_Recorded data_:
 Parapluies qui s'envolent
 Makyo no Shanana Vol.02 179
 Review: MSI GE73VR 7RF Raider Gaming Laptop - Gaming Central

_What to work on_:
Write out the data above once more, exactly as it stands.

_Task solution_:
 Parapluies qui s'envolent
 Makyo no Shanana Vol.02 179
 Review: MSI GE73VR 7RF Raider Gaming Laptop - Gaming Central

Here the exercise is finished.